These aren’t always happy hubs we rightfully like and trust.
So I say yuck to centrality as what matters.
The most important types of nodes in a network
The most important nodes – at least for you and me – are the ones that bridge groups of nodes, the go-betweens, the connectors.
These are the nodes (people, sites, newsletters, associations, institutions) that determine changes in the fate of neighborhoods in networks, the health and robustness of a group, the pioneers that determine whether and how connected things will become.
That is not to say hubs can’t be bridges. Often, hubs can be really useful bridges.
Bridge nodes as linchpins of opportunity
But the bridge nodes, irrespective of hub-ness, are the linchpins of opportunities. For example – on your site, they are the paths which best connect key ideas together into a chain of learning for others – you know the most logical sequence of knowledge dissemination that you scramble to assemble when writing a book’s table of contents or workshop series.
Think about all the most important things that ever happened to you.
An introduction to your partner? A job interview someone helped you get? A referral from a trusted client. By definition, those things require a bridge, a relationship that allows you traverse from A to B.
And when they disconnect two groups, the losses can be catastrophic. Lose those and you isolate and exclude groups from a larger context, cut off water supplies, bring down power grids, even governments.
Okay, I’m getting dramatically in the weeds.
Proximity to a bridge node as the predictor of success
My point here is the things that radically alter the trajectory of your life, success, almost always involve a bridge that someone helps you cross, not the most central nodes in your network.
Knock out a central node in a social network, and watch as the gazillions of nodes following it simply attach to the closest next most similar node, like Gab’s growth after Trump was banned from Twitter. If Amazon was shut down tomorrow, you’d be on Walmart.com by next week.
Remove just one person who helped you when you really needed it, and it becomes hard to know who or where you’d even be today.
And yet, when we try to find those bridges, we often get it wrong, because we’re drawn to centrality.
Sometimes we pick the wrong bridges.
We pick based on centrality – those big central nodes do get preferential attachment, which is a fancy way of saying the more power you have, the more you’ll get, the bigger you are in a network, the more relationships you have, the more you will get in the future.
Maybe you thought buying a Wharton MBA for the alumni network was a smart move and then all you got was this lousy polo-shirt and an internship.
And maybe you just don’t respect or pay enough attention with those with bridges around you – those referral sources you depend on eventually dry up. Or you spend a $10k on a business coach and they can’t help you because you’re too smart for your own good.
What this has to do with websites
To bring it back from way out there – all of this network topology talk applies to how ideas relate (or don’t) on your website.

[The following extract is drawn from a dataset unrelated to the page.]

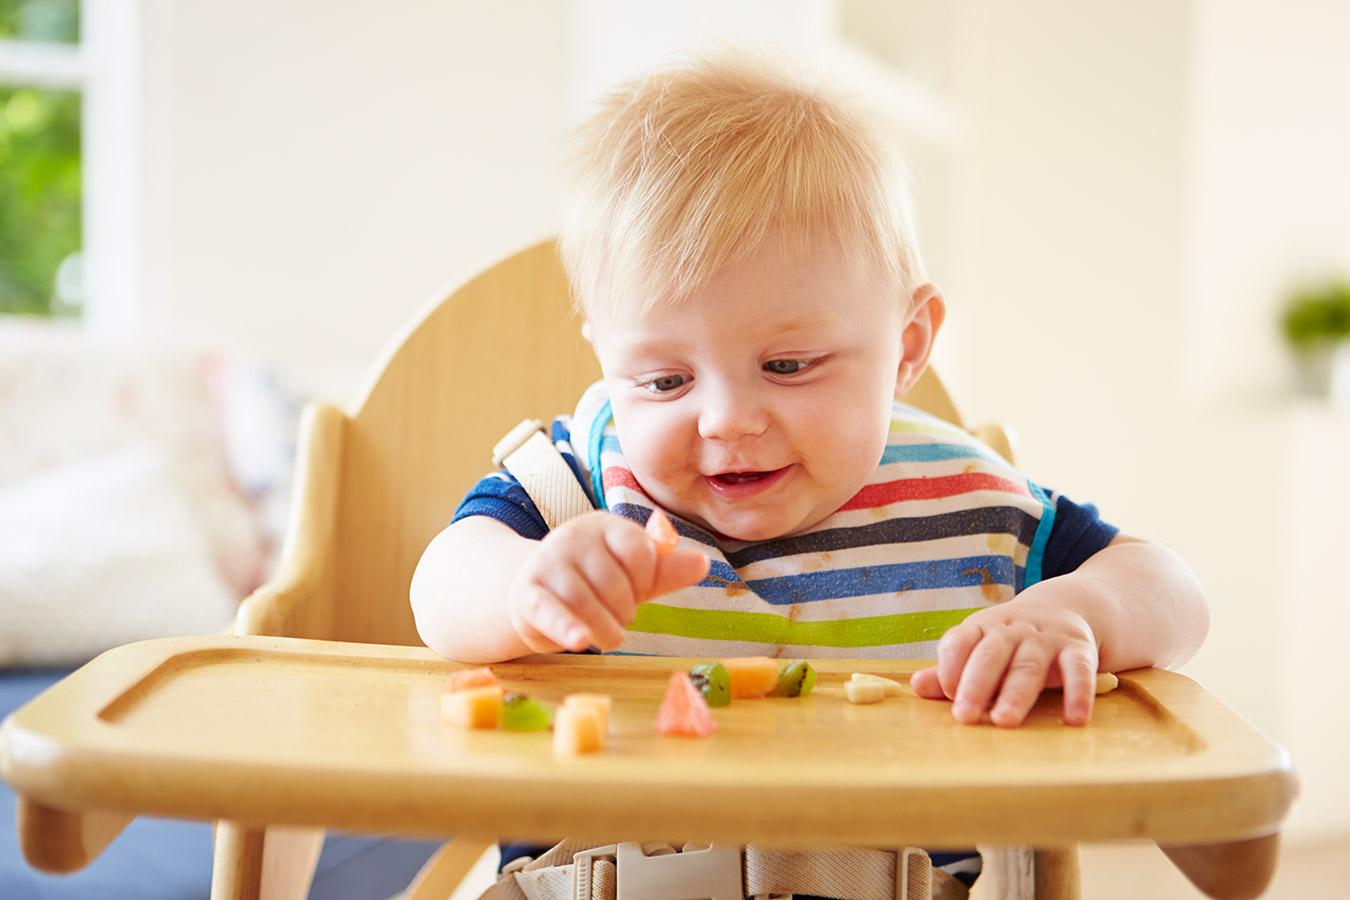 37 tygodniowe dziecko – Jak wygląda 9 miesiąc życia dziecka?

Take all the implicitly related ideas, organize and link them together, in their most basic sense.
Take a bunch of nodes that should connect or connect in your mind in really interesting ways, and design a network that others can actually traverse.
Validate that two ideas in fact connect, that users are in a context where some piece of content, some associated idea, is the next thing they need to hear, and serve that as related content.
Make sure that the journeys those users are on lead to finding those patterns in your solutions at the right time, and present them with bridges to related ideas in an order with some semblance of structure.
Extending beyond the confines of your site, prioritize a list of actions to be taken for you to find those bridges, the people, the other websites, that will result in much more opportunity than your current processes and routines left unchanged.
Far out, I think.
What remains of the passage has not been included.